The problem I encountered was on compute-2-x-x nodes. Previously I had run all my tests and calculations on the compute-1-x-x nodes, and largely everything worked fine. But on 2-x-x VASP had extremely slow startup times. I assumed this was due to lack of infiniband, but if that’s not the case there may be something else going on that I didn’t notice.

@prconlin if you can send me a specific list of nodes that had issues, that’d be great. I did a cursory check just to verify IB connectivity and all the nodes that you would be able to submit to at least have IB. It’s still possible something is misconfigured on certain nodes but I’d need the list to check.

Unfortunately I cleaned the directory I was working in and no longer have the slurm.out. I tried to reproduce the issue and tested a few nodes on compute 2-1, 2-2, and 2-3, but everything is behaving as expected.

Please let us know if you encounter the issue again. It’s certainly possible something changed because europa is in constant development (being a beta resource that we are still improving).

I found the problem - and it’s happening again! Another user is running enormous launcher jobs, and somehow that’s killing the startup time of my jobs. Maybe it’s a bandwidth issue?
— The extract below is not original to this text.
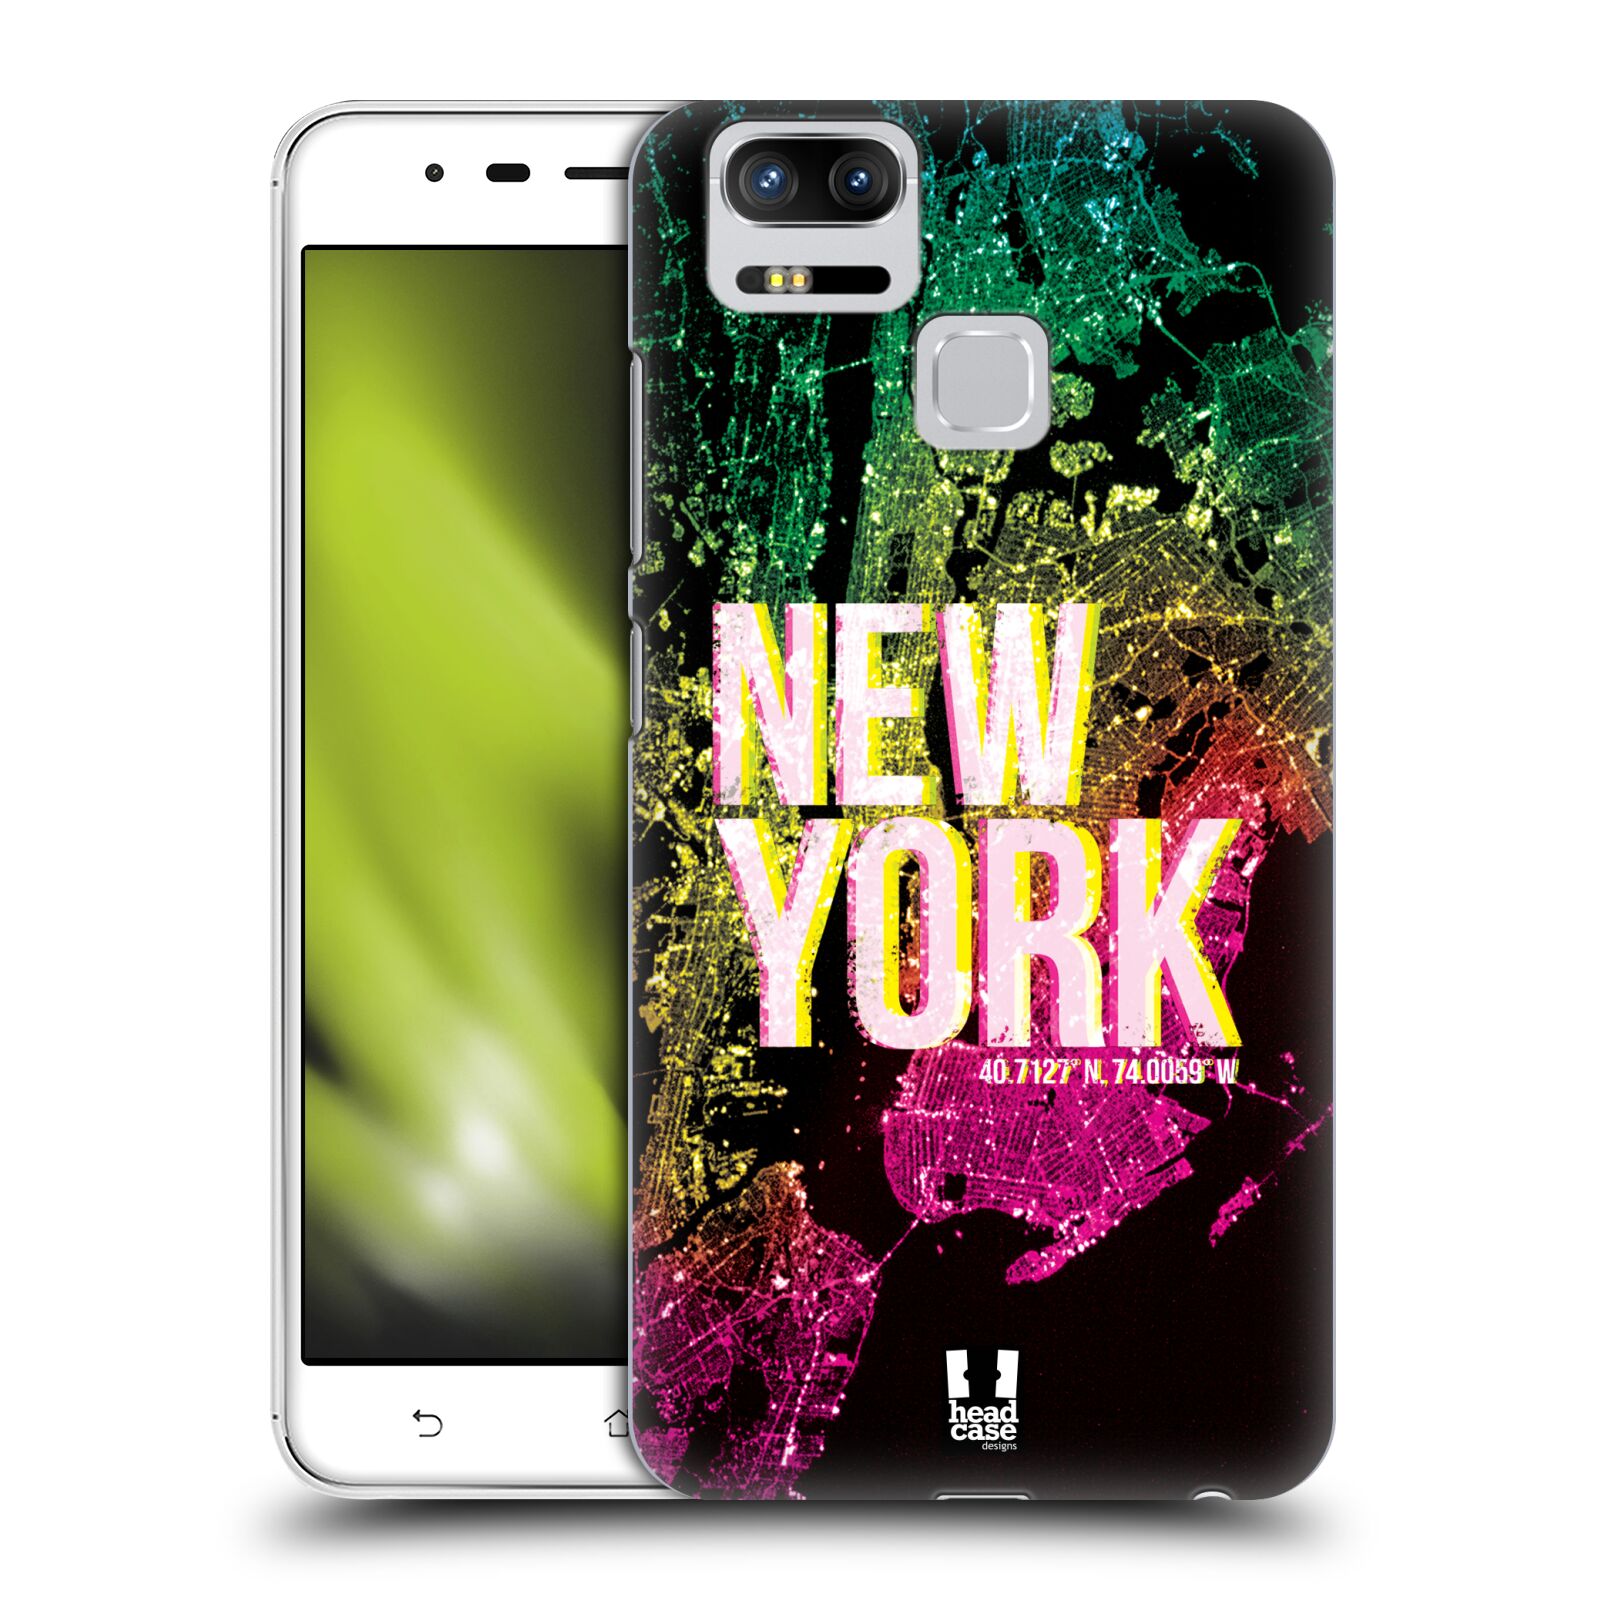 HEAD CASE plastový obal na mobil Asus Zenfone 3 Zoom ZE553KL vzor Světla známých měst, Satelitní snímky USA, NEW YORK

This thread started when I ran VASP on the 2-x-x nodes for the first time. The reason I did that was because another user was using 250+ nodes for a single job. When I noticed a severe performance hit, I incorrectly assumed there was an issue with the nodes (missing infiniband), but later I couldn’t reproduce the problem. But right now, someone is running a 500 node job, and I’ve got same startup time issue even with tiny jobs.

Hey Patrick,

Thanks for the heads up. I am seeing similar issues and it is related to /scratch being affectively DDoS’d. We are working on some tuning parameters and will get back to you when we have a solution.

Thanks,
Chris